Cell walls as reservoirs of potassium ions for reversible volume changes of pulvinar motor cells during rhythmic leaf movements.

The laminar pulvinus of primary leaves of Phaseolus coccineus L. was investigated with respect to the total K(+) content, the apoplastic K(+) content, and the water potential of extensor and flexor sections in relation to the leaf positions in a circadian leaf-movement cycle, as well as the cation-exchange properties of isolated extensor- and flexor-cell walls. Turgid tissue showed a high total but low apoplastic K(+) content, shrunken tissue a low total but high apoplastic K(+) content. Thus, part of the K(+) transported into and out of the swelling or shrinking protoplasts is shuttled between the protoplasts and the surrounding walls, another part between different regions of the pulvinus. The K(+) fraction shuttled between protoplasts and walls was found to be 30-40% of the total transported K(+) fraction. Furthermore, 15-20% of the total K(+) content of the tissue is located in the apoplast when the apoplastic reservoir is filled, 5-10% when the apoplastic reservoir is depleted. The ion-exchange properties of walls of extensor and flexor cells appear identical in situ and in isolated preparations.
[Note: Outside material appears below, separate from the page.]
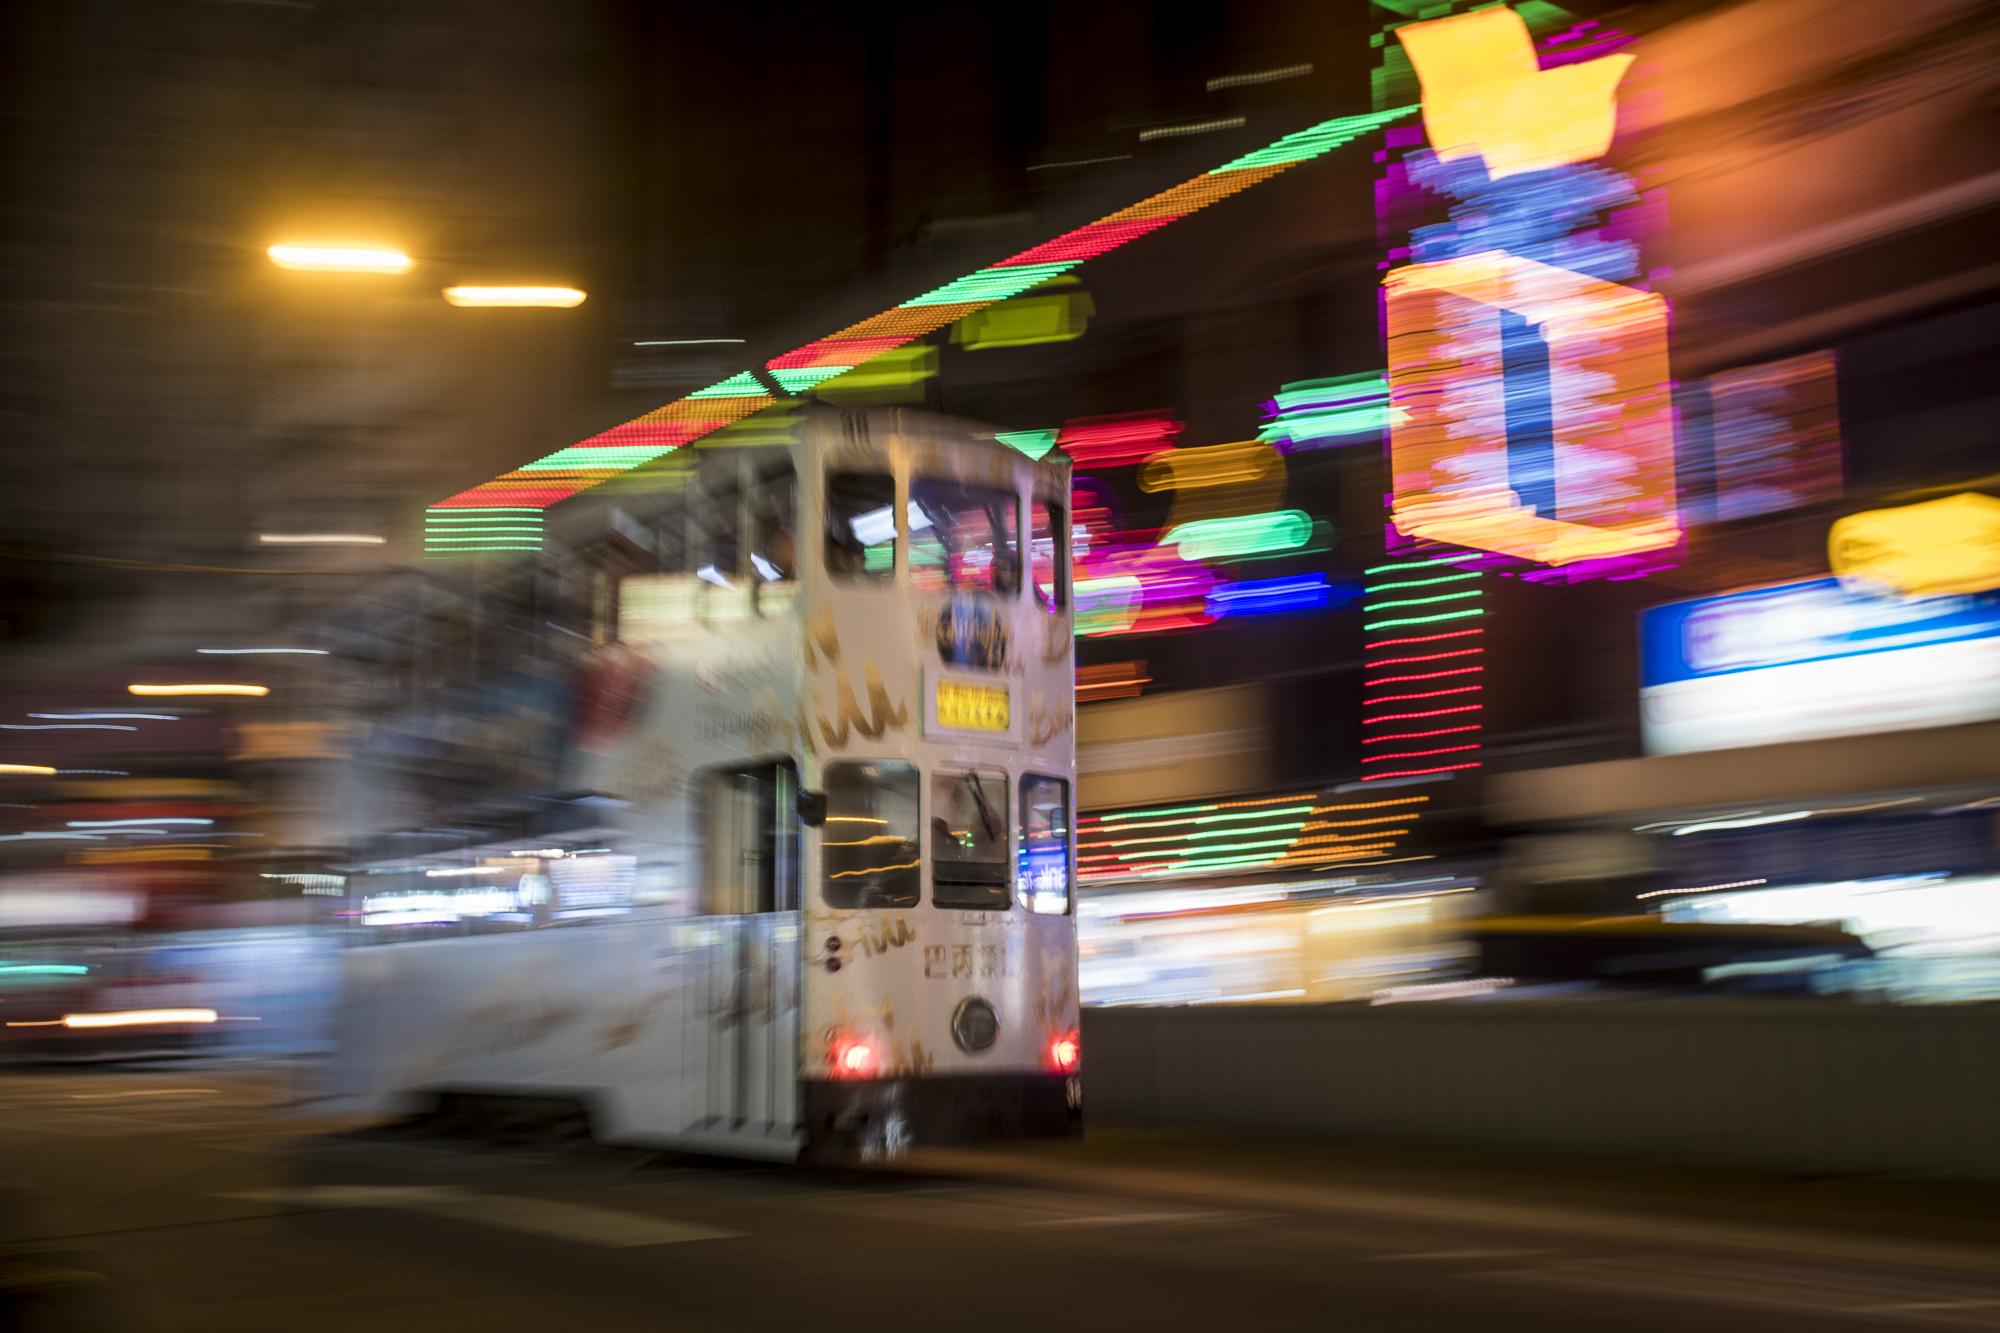 Hong Kong Tram  PHOTOGRAPHY: ALEXANDER J.E. BRADLEY • NIKON D500 • AF-S NIKKOR 14-24MM Ƒ/2.8G ED @ 24MM • Ƒ/5.6 • 1/5• ISO 250

The walls behave as cation exchangers of hhe weak-acid type with a strong dependence of the activity of fixed negative charges as well as of the K(+)-storing capacity on pH and [K(+)] of the equilibration solution. The high apoplastic K(+) contents of freshly cut tissues reflect the cation-storing capacity of the isolated walls. We suggest that K(+) ions of the Donnan free space are used for the reversible volume changes (mediating the leaf movement) mainly by an electrogenic proton pump which changes the pH and-or the [K(+)] in the water free space of the apoplast.